Abstract

To evaluate the effect of training radiology residents on breast ultrasonography (US) according to the Breast Imaging Reporting And Data System (BI-RADS) and the factors that influence the training effect. This multicenter, prospective study was approved by eight institutional review boards. From September 2013 to July 2014, 248 breast masses in 227 women were included for US image acquisition. Representative B-mode and video images of the breast masses were recorded, among which 54 cases were included in the education set and 66 in the test set. Sixty-one radiology residents scheduled for breast imaging training individually reviewed the test set, immediately before, 1month after, and 6months after training. Diagnostic performances and US descriptors of the residents were evaluated and compared against those of expert radiologists. Agreements between residents and experienced radiologists showed improvement after training, while agreements between post-training and post-6-month training descriptors did not show significant differences (all p > 0.05, respectively). Sensitivity, negative predictive value (NPV), and AUC were significantly improved for residents post-training and post-6-month training (all p < 0.05), while approximating the performances of expert radiologists except for AUC (0.836, 0.840, and 0.908, respectively, p < 0.05).
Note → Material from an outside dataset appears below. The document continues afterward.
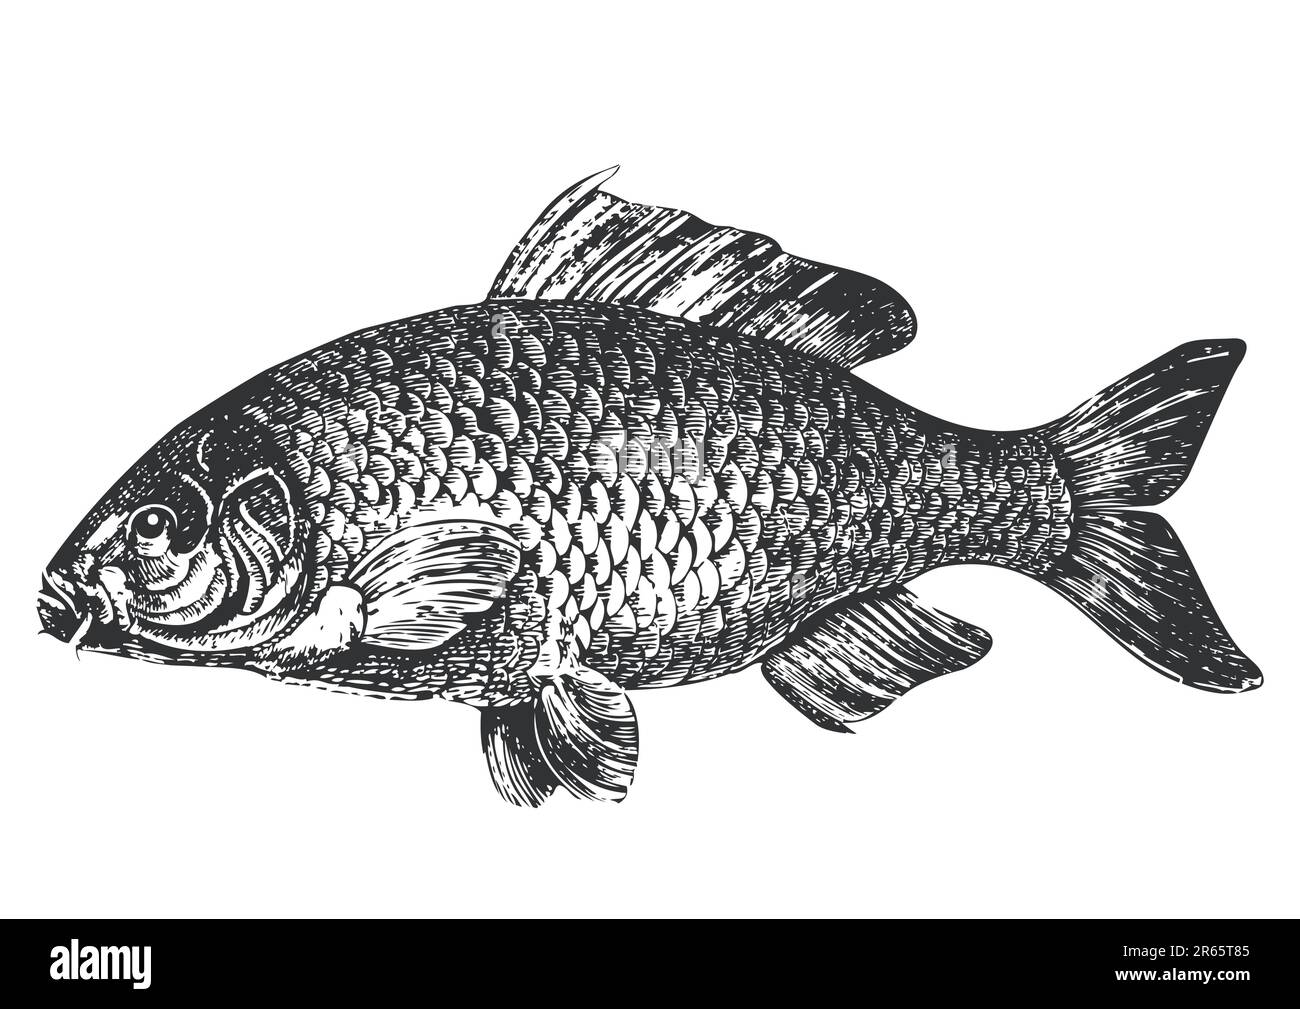 Illustrazione della carpa di pesce, Graphik antico, isolato su sfondo bianco, grafica vettoriale completamente scalabile incluso EPS v8 e 300 dpi JPG. Illustrazione Vettoriale
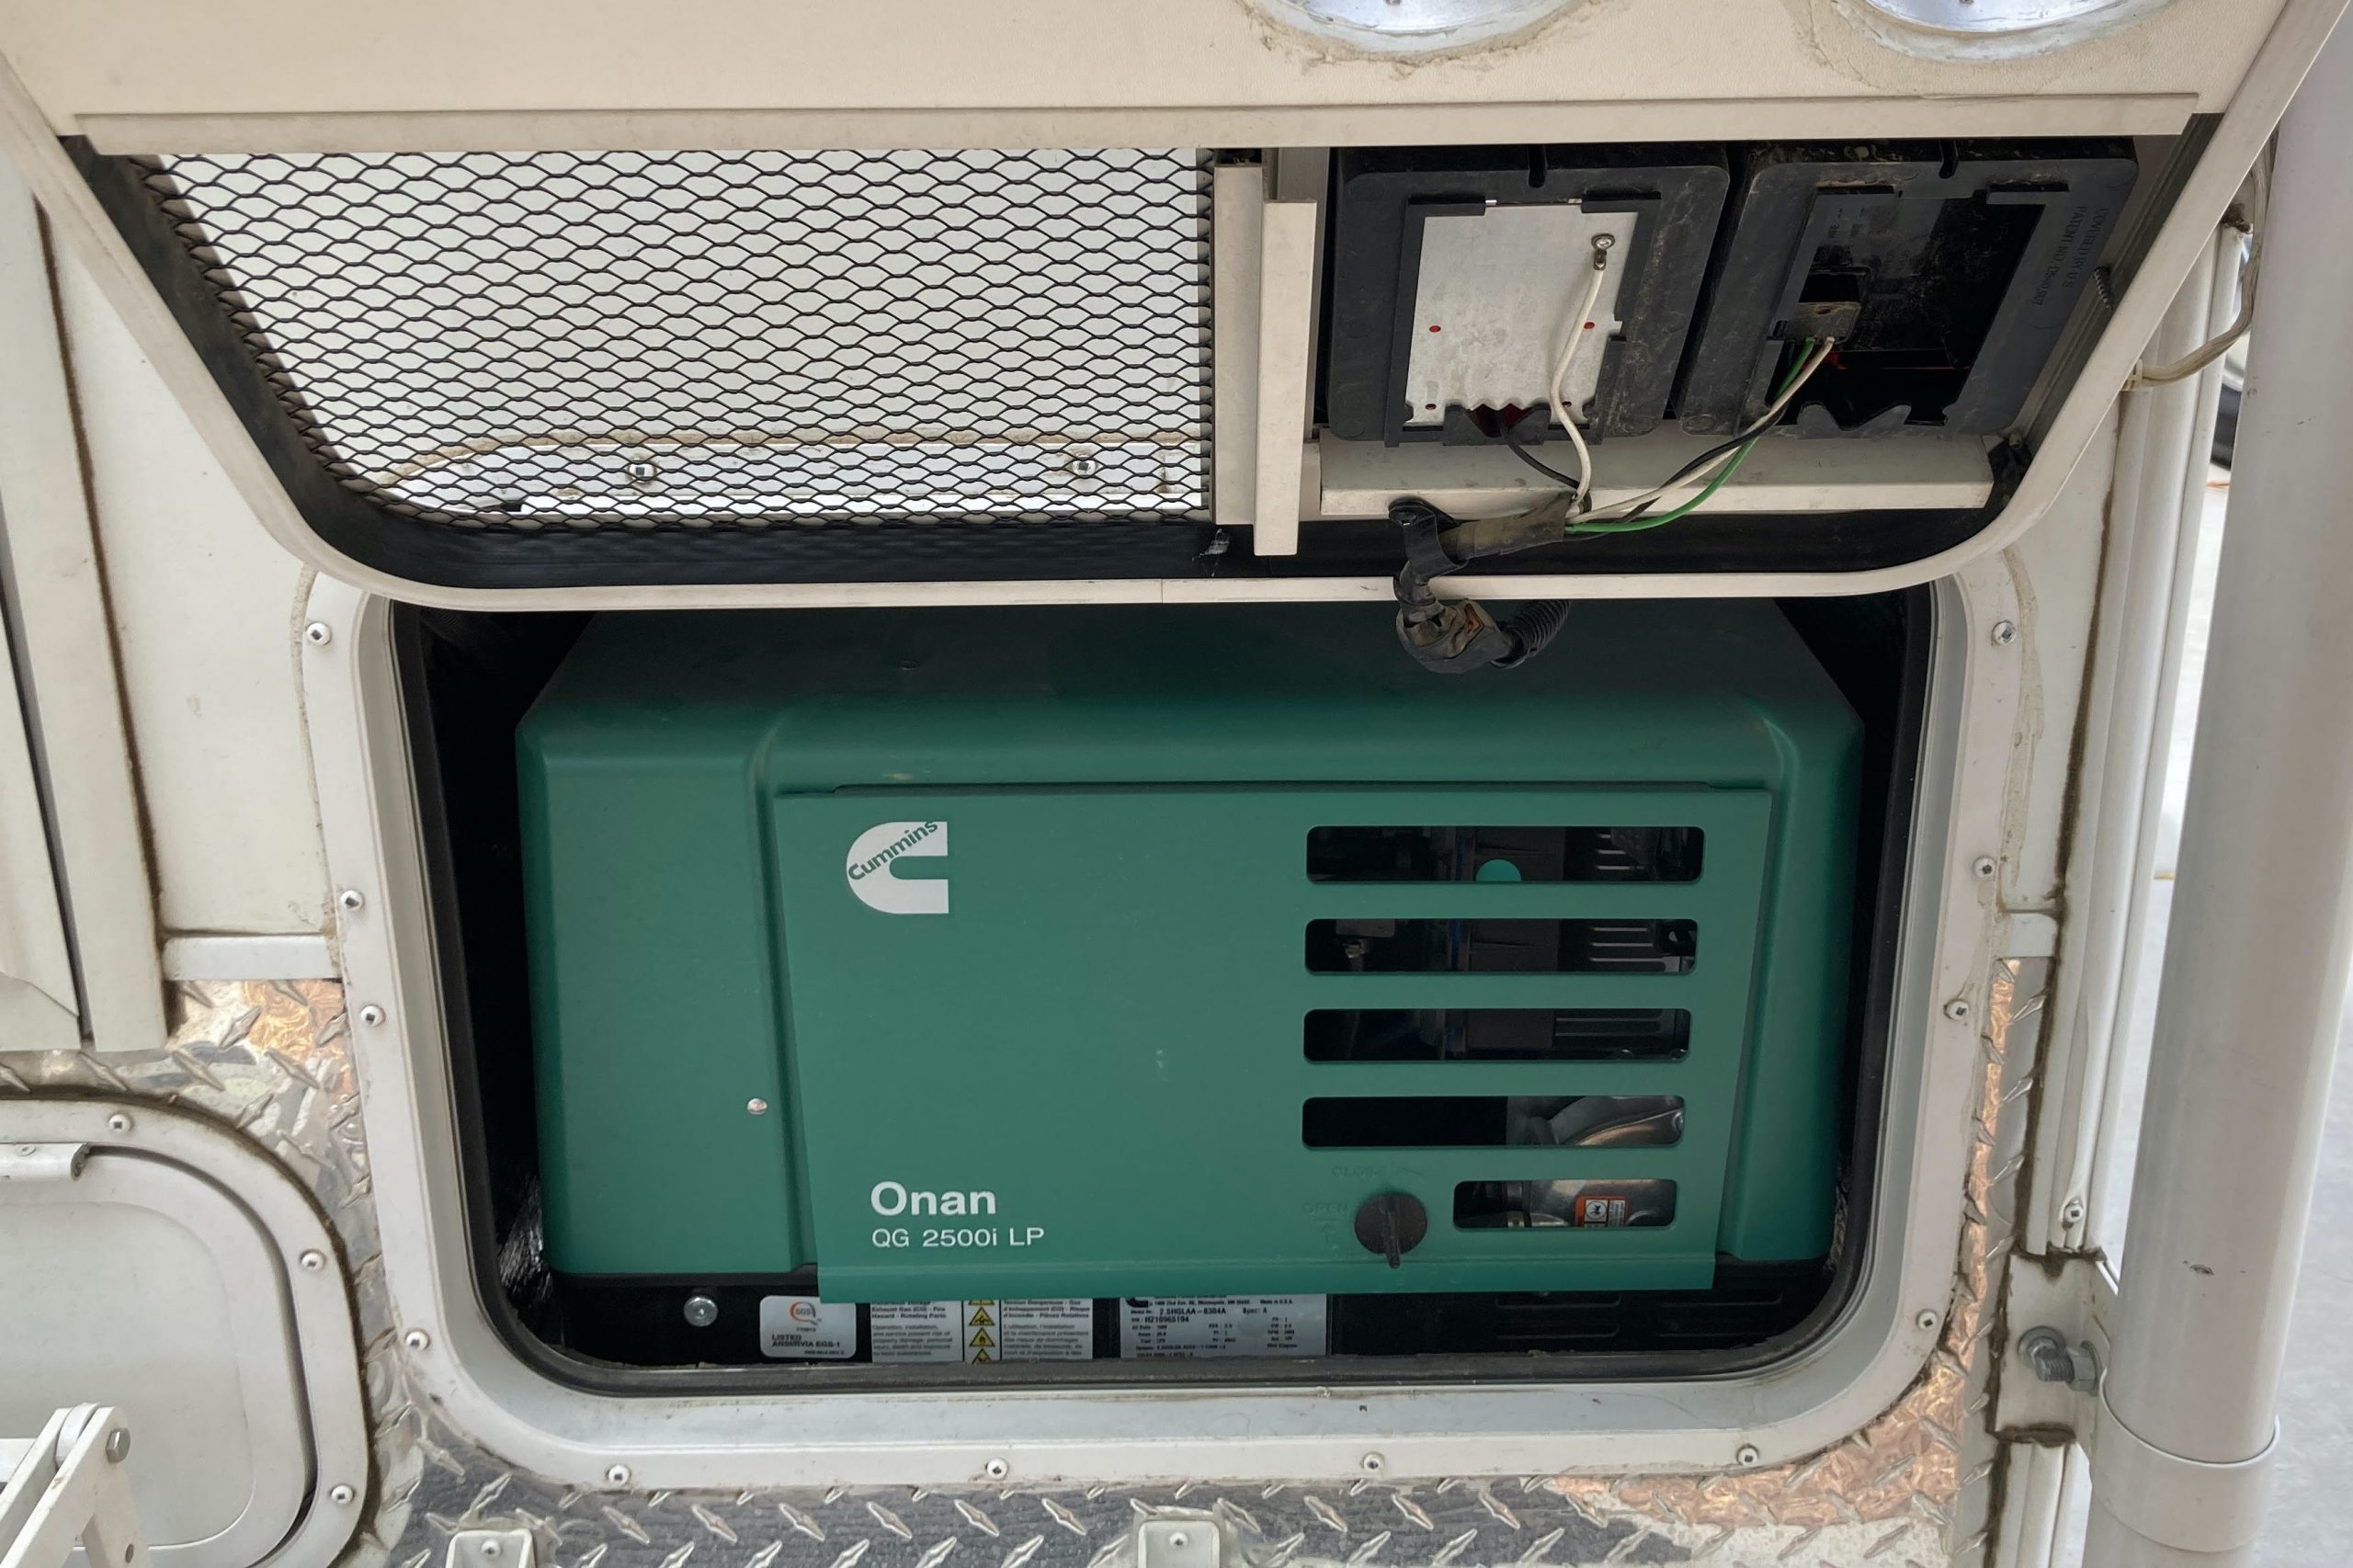 Onan Generator Features

Low levels of pre-training AUC, total number of breast US examinations, and the number of sessions per week that residents were involved in were factors influencing the improvement of AUC. Training using education material dedicated for breast US imaging effectively improved the diagnostic performances of radiology residents and agreements with experienced radiologists on US BI-RADS features. • Agreements on lesion descriptors between residents and experienced radiologists showed improvement after training, regardless of test point. • Sensitivity, NPV, and AUC were significantly improved for residents in post-training and post-6-month training (all p < 0.05). • Low levels of pre-training AUC, total number of breast US examinations, and the number of sessions per week that residents were involved in were factors influencing the improvement of AUC.